Speaking to Al-Tamimi, Al-Tamimi said:News 24He is 21 years old and is the first non-hereditary patient with this disease, since no one in his family has this disease.
He explained that 5 years ago, a doctor mentioned to him the possibility of suffering from “fatal familial insomnia”, and in the middle of 2020, he had some symptoms of infection, between nausea and the loss of some details, and a few days ago it was confirmed that he had the disease.
He pointed out that no one in his family is infected or carrying this gene, despite it being considered a genetic genetic disease transmitted from the father or mother to one of the sons, and that he discovered his infection following suffering from the pooling of prion under the brain, indicating that the more its gathering moved to another stage of the disease. .

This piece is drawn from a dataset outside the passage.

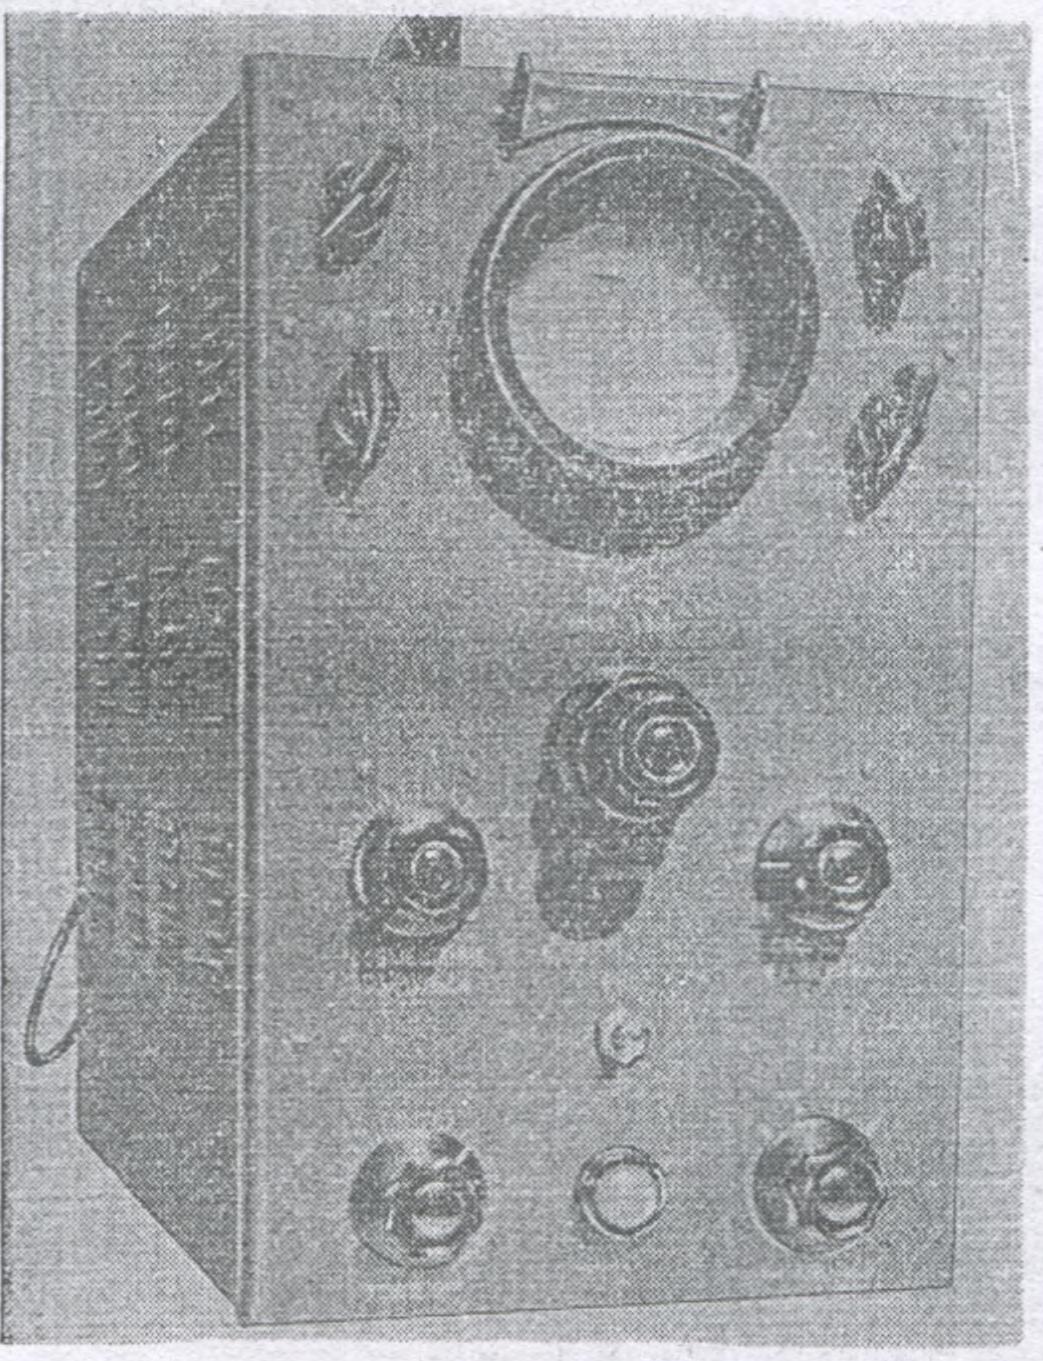 Прибор ИКЛ-4. Общий вид прибора с лицевой стороны
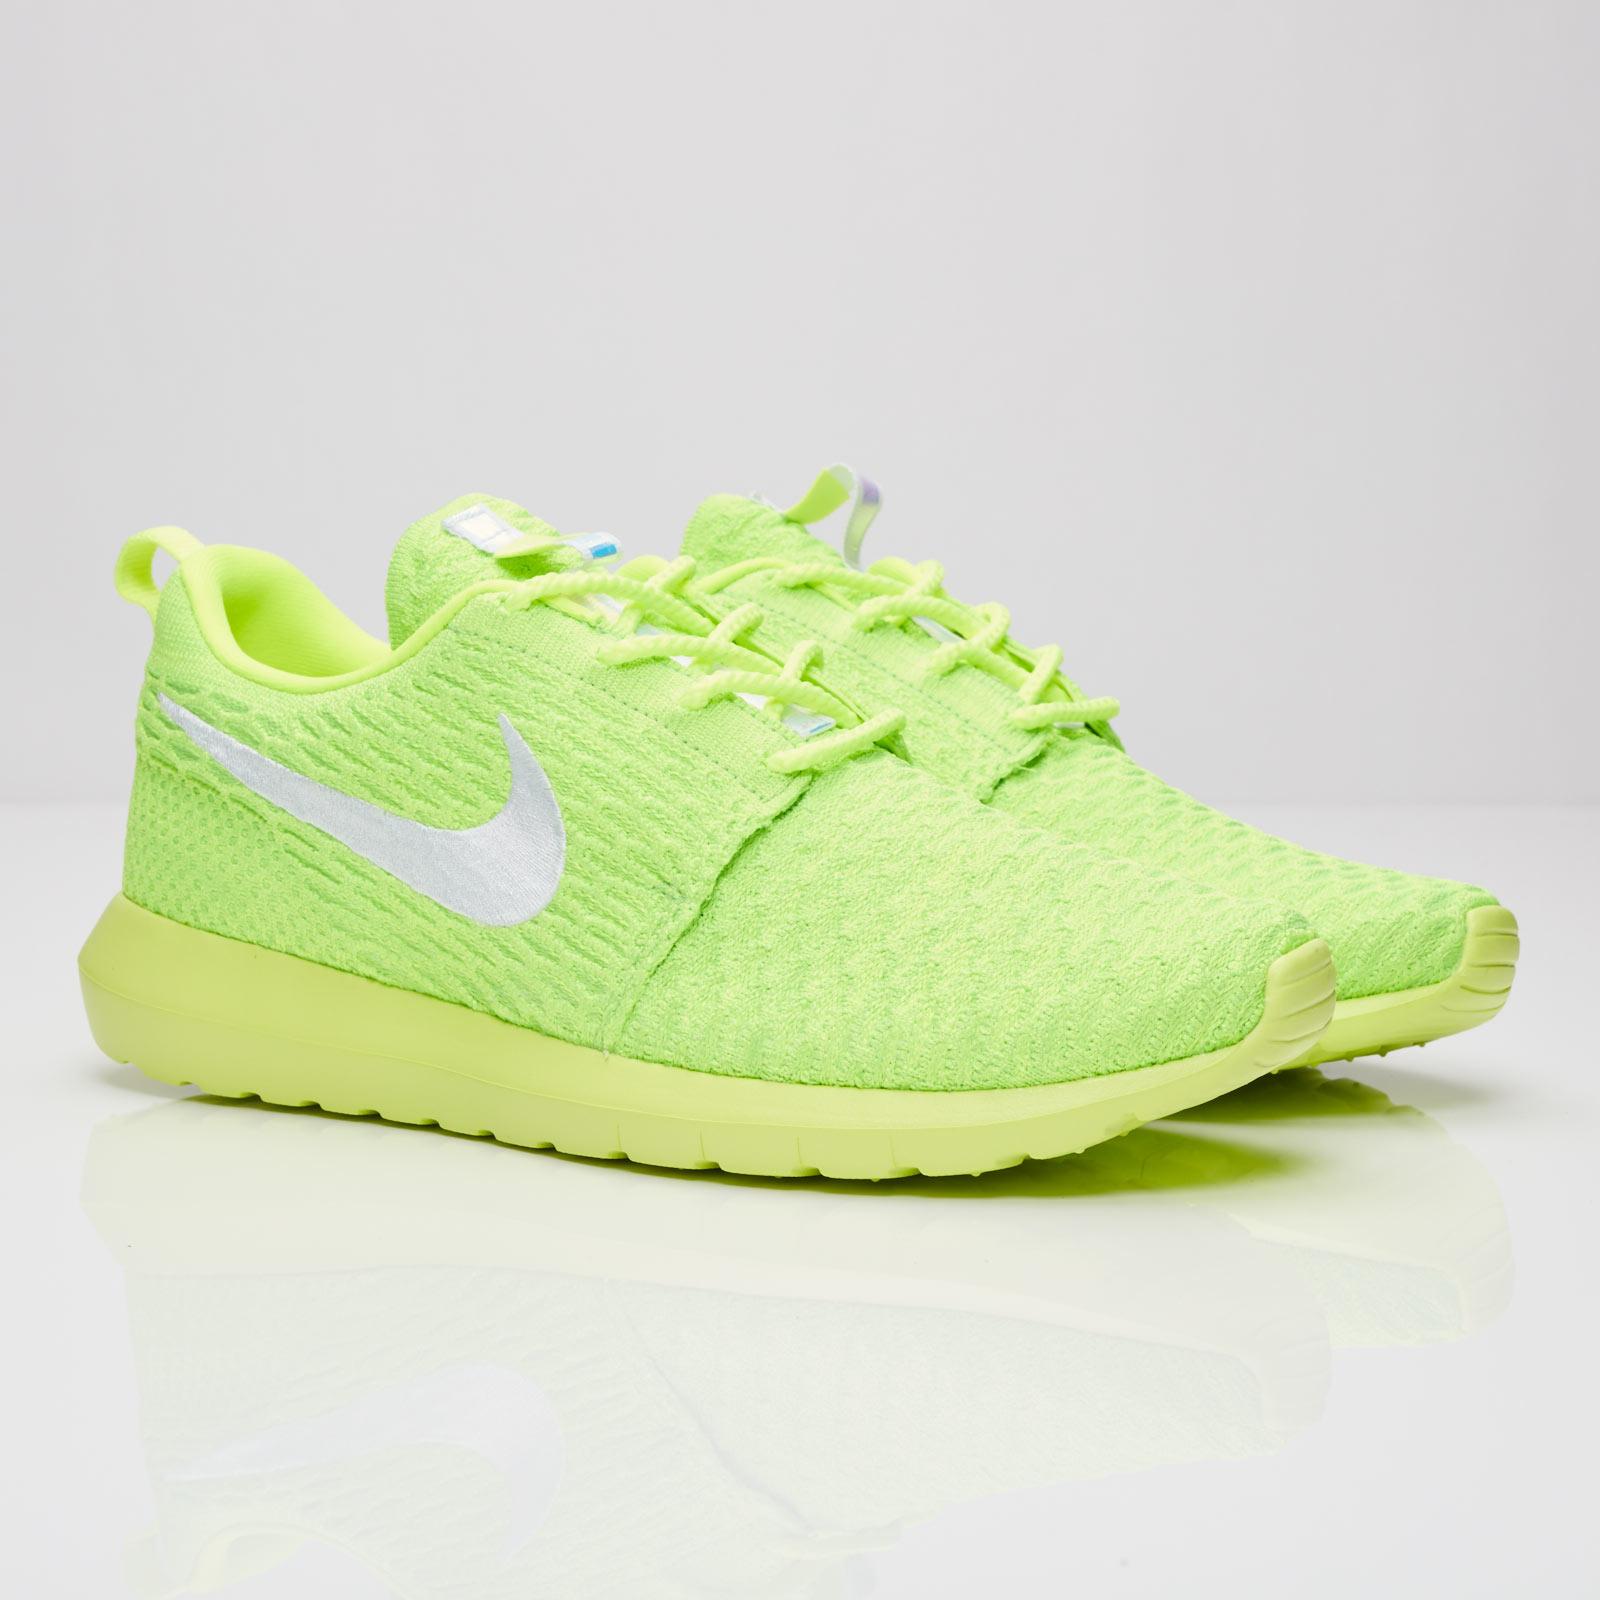 ef14fbf63e763 Nike Roshe NM Flyknit - 677243-701 - Sneakersnstuff

He stated that the fatal insomnia syndrome lasts from 7 to 42 months, and consists of 4 stages, in which the patient suffers from the inability to sleep partially for 5 months, in addition to hallucinations, fear and panic, and lasts for two years and four months, then the inability to sleep completely for a period 6 months, and finally memory loss and stopping of some parts of the brain for 5 months, then death.
He stressed that there is no cure for fatal familial insomnia, and everyone who is found to be infected completes the 4 stages and then dies, pointing out that he will complete the progression of the disease stages in a Zurich hospital.